Some malt, some kilt-shaped love. It just feels right today. Off to the cellar for a Burning Skye Scottish Style Ale from Empyrean Brewing Company, brewed and bottled in Lincoln, Nebraska.

First of all, this is a good beer. But while brewvana is a pretty positive place, I’ve gotta ask, “Why put Cascade hops in a Scottish beer?” I’m all for creativity, but this beer just doesn’t seem the place for it. It’s probably because I’m very partial to Scottish and Scotch ales, but not completely. A little truth in labeling would happy this camper straight away.

Bringing up a different beer will show that I’m not trying to establish myself as the Style Police. People like that can be a little annoying, though we’ve all got a need to put things into neat little boxes from time to time.

Highland Brewing Company’s Tasgall Ale is a “Scotch Ale,” and a bloody good beer, but it’s got a significant hop profile. Thankfully, HBC’s description throws this in: “Its increased hop level is a modest departure from a true Scotch-style ale.” Moreover, all of Oscar’s sales reps give a great description of this beer when talking to the public. I’ve heard at least four different reps point out how Tasgall is “just a wee bit different” at tastings and beer festivals. I’ve told Oscar Wong (Highland’s Founder, Owner, President, Chief Peddler, Schmoozing and Cleanup Guy) how much I appreciated this. He’s a good guy, his people are good people and his beer is good beer.

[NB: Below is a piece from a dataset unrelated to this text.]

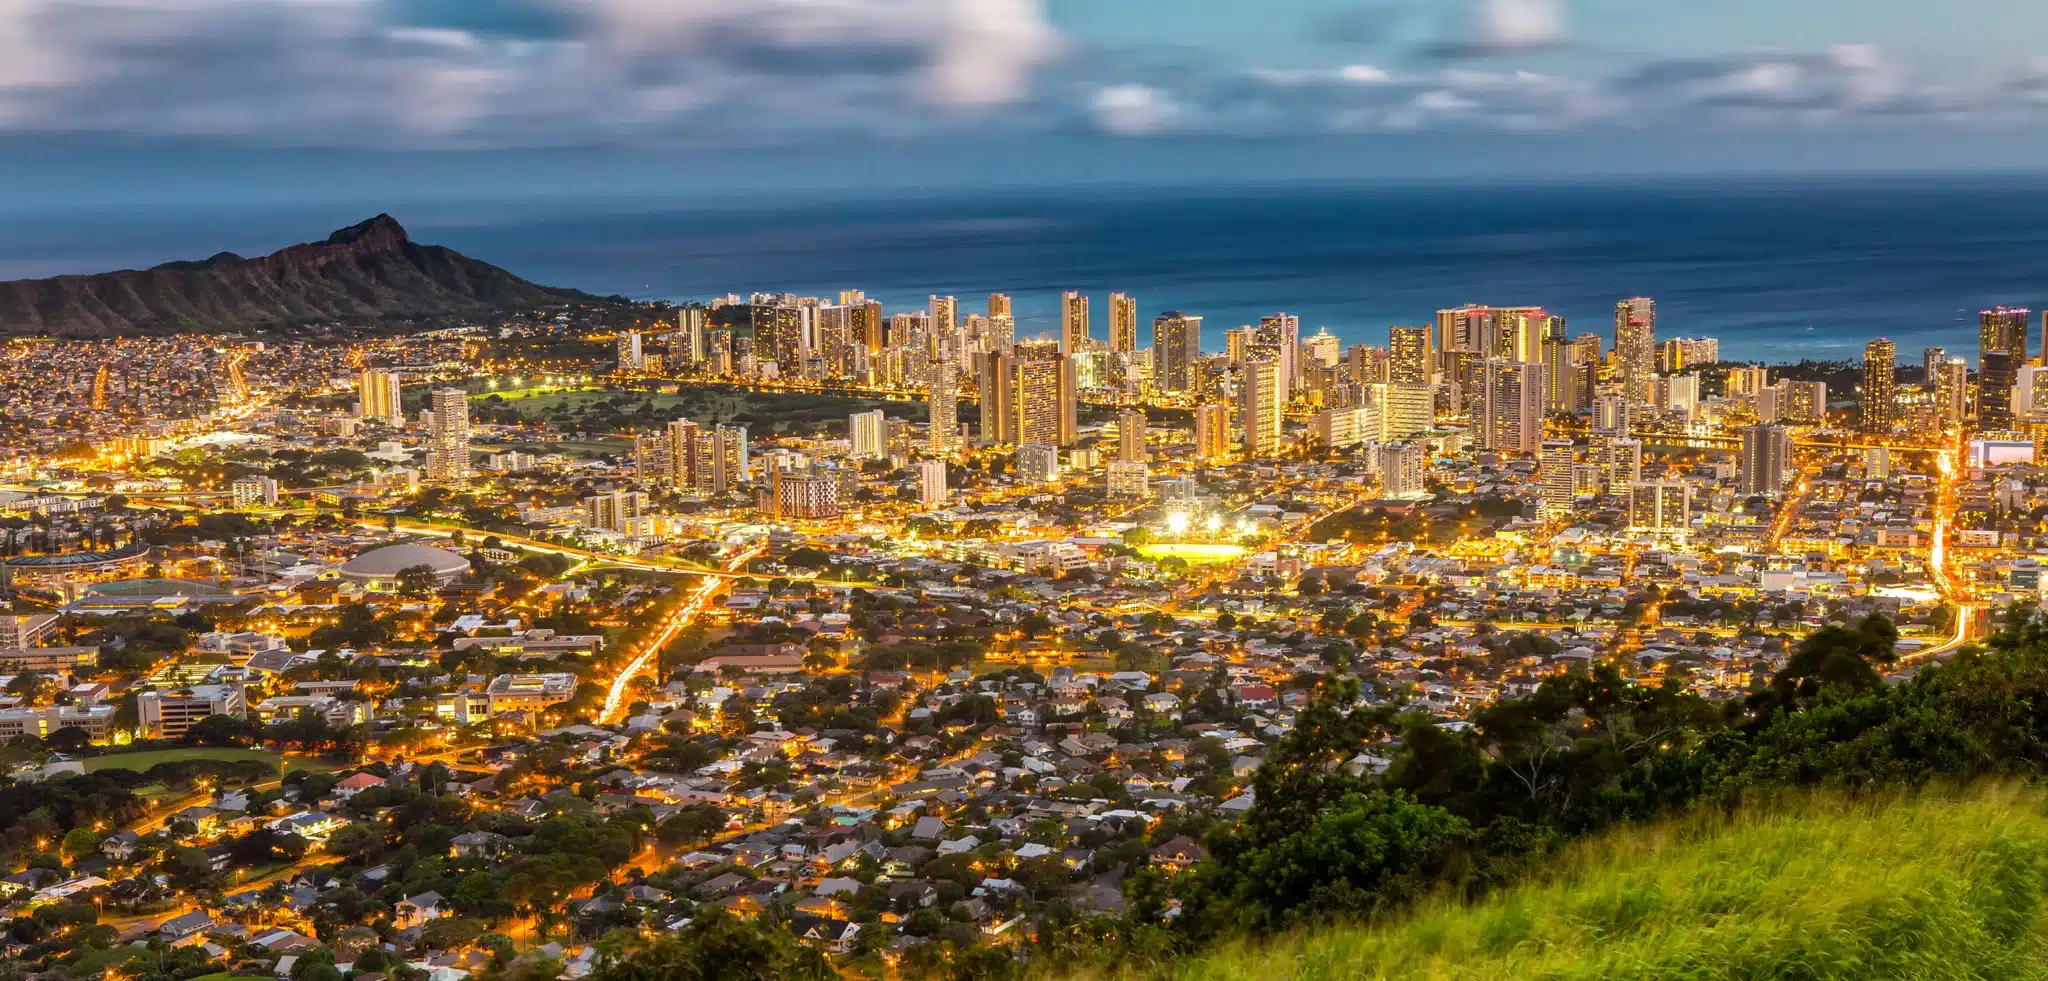 Fine Dining & Honolulu City Lights Tour is a Land Activity located in the city of Honolulu on Oahu, Hawaii

Now well-digressed from my pint of Burning Skye, I should say that the hops aren’t intense, but they are present, both in the flavoring and the bittering. Those aren’t the reasons I pick up a sixer of Scottish ale at the store. I’m looking for smooth malt, a little caramel, maybe a touch of peat. Burning Skye has these qualities, but also this added other nuance that doesn’t make me groovy. I can taste that touch of Cascade, and it effects the finish, to me, in an undesirable way. I get it when I breathe out, and I’m really just longing for something different.

If you handed me one and simply said, “Hey, try this tasty beer,” I would try it and like it. I like it today, it’s just not what I hoped for.